**Data to examine:**

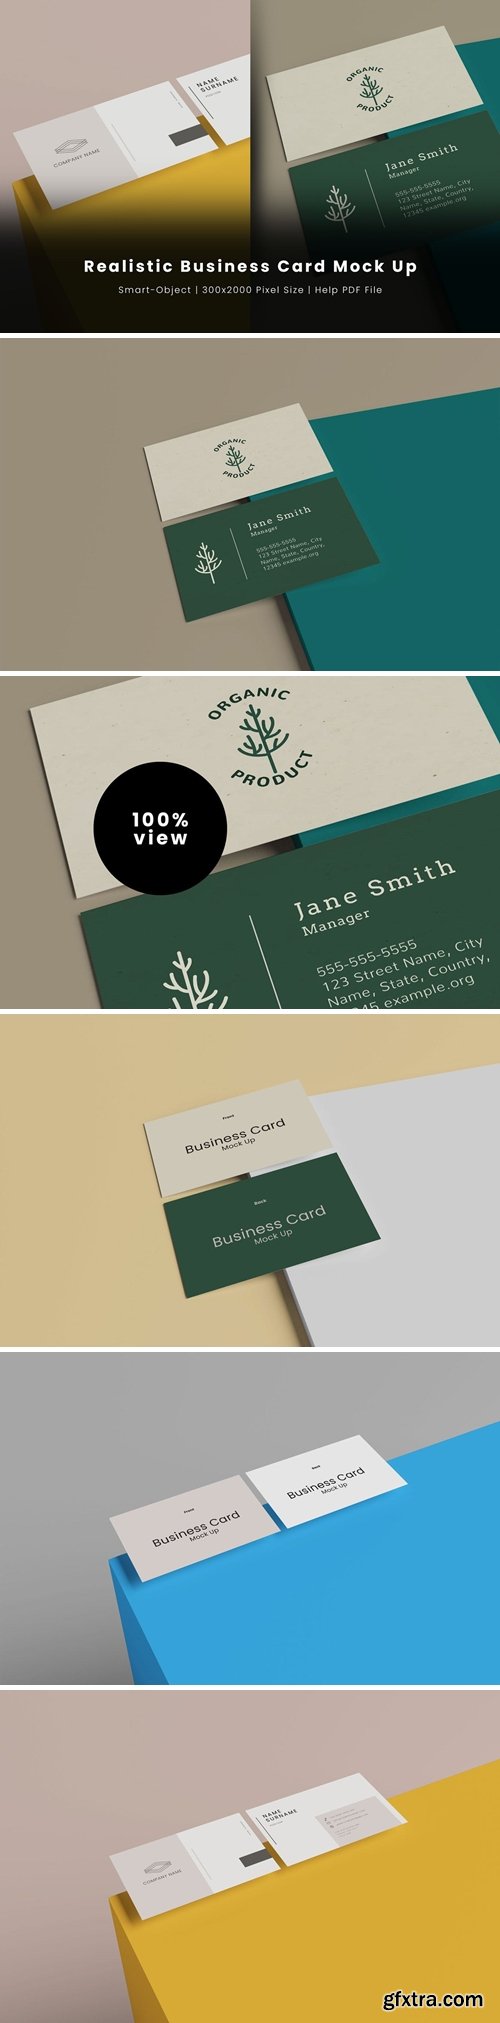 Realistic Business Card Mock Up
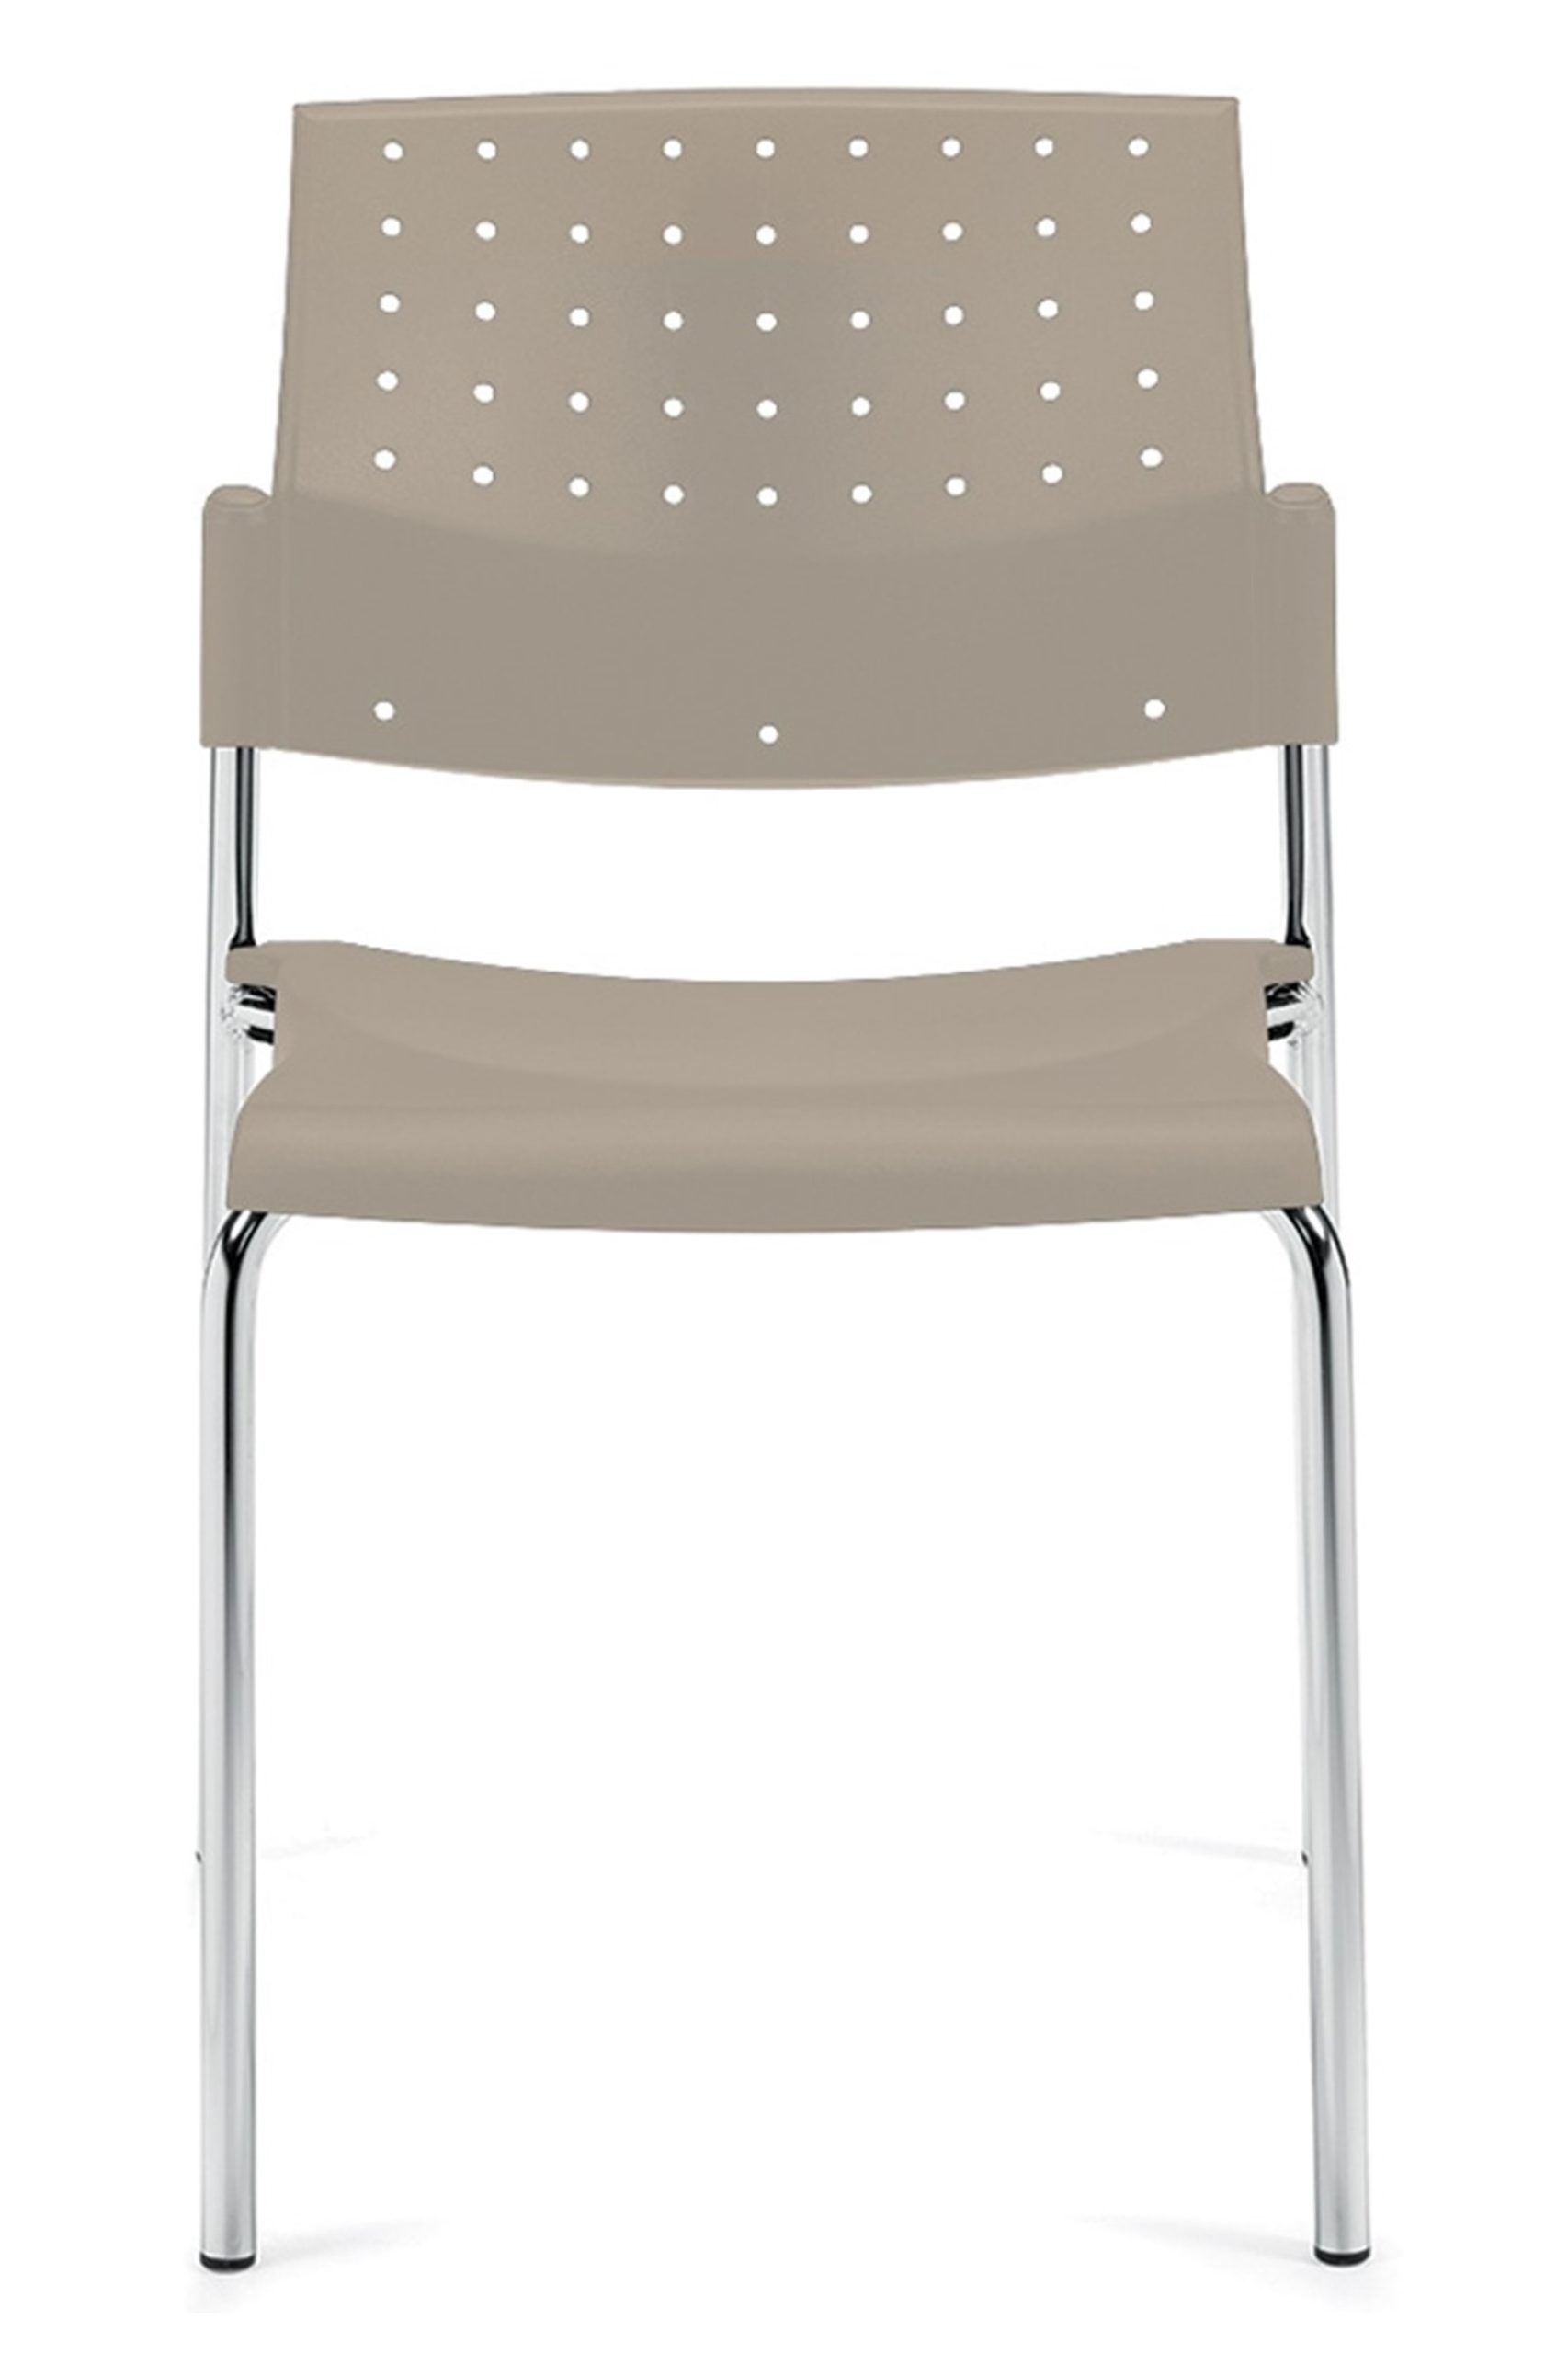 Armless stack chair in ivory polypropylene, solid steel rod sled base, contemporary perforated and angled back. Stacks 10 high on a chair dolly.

---

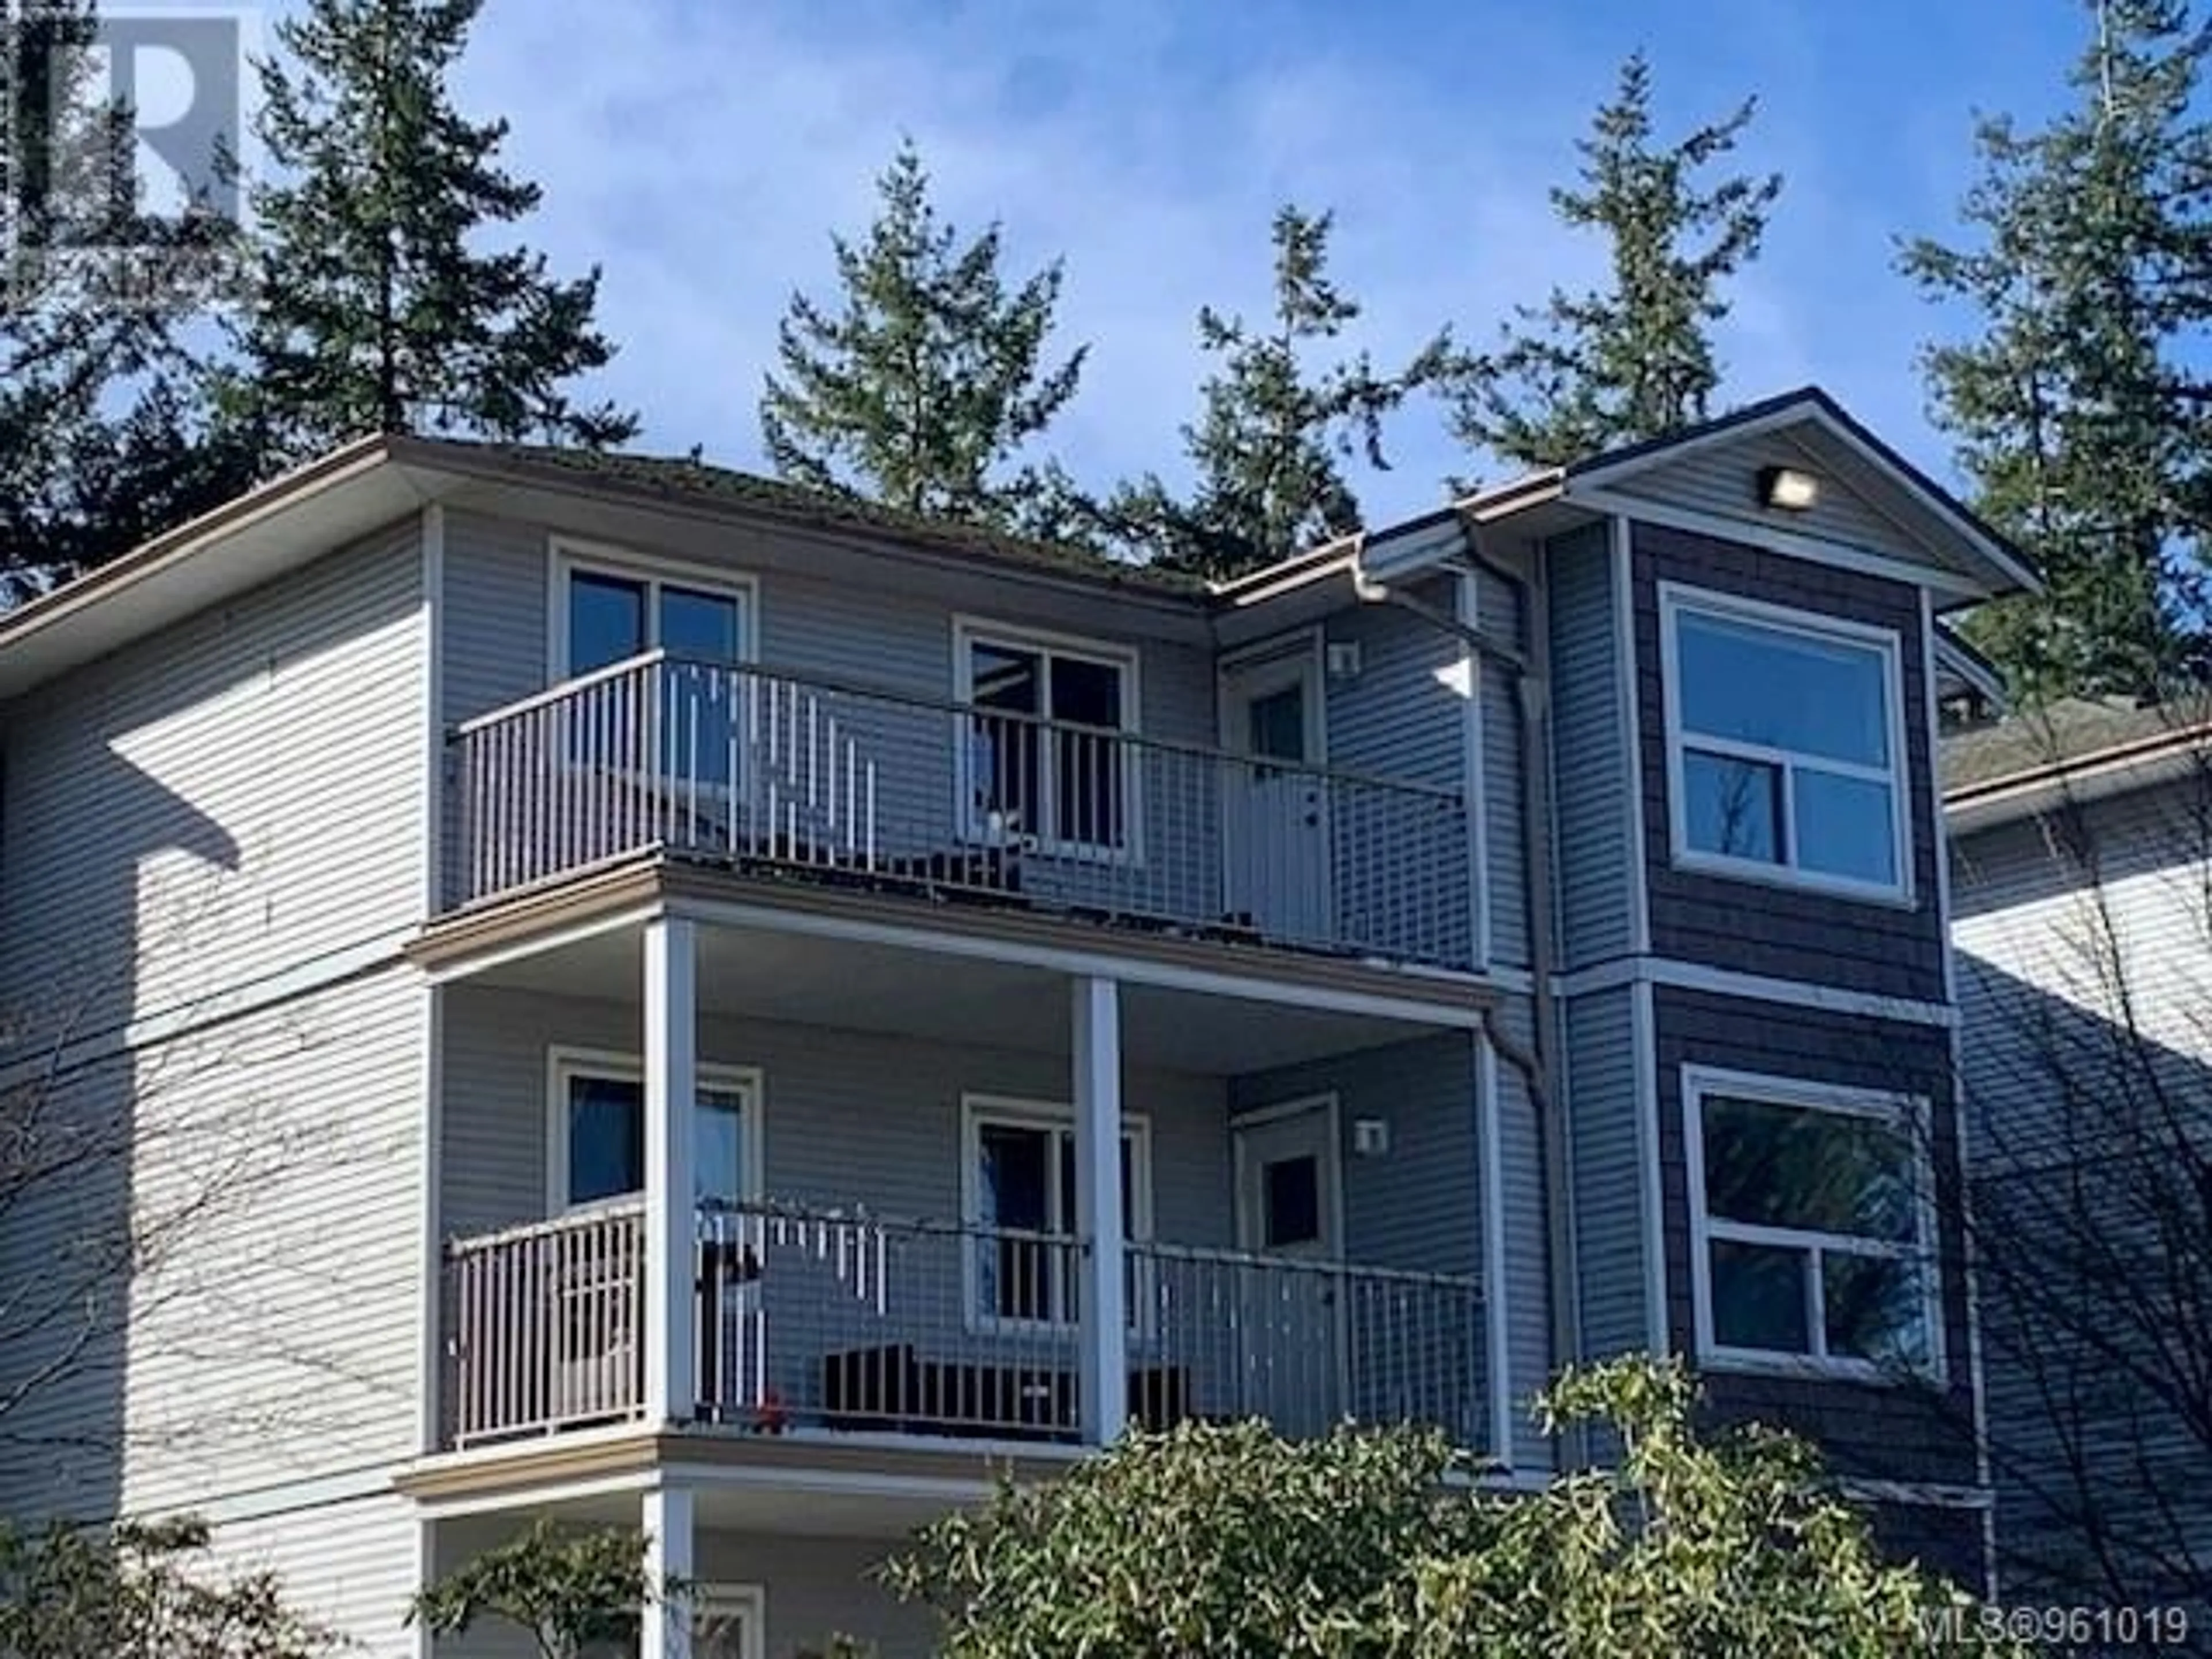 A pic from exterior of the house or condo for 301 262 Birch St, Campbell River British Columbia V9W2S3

**What needs to be done:**
What you return must match the lines above from the one with "Realistic Business Card Mock Up" through the one with "Armless stack chair" exactly, with both ends included and the pictures excluded.

**Answer area:**
 Realistic Business Card Mock Up
 Armless stack chair in ivory polypropylene, solid steel rod sled base, contemporary perforated and angled back. Stacks 10 high on a chair dolly.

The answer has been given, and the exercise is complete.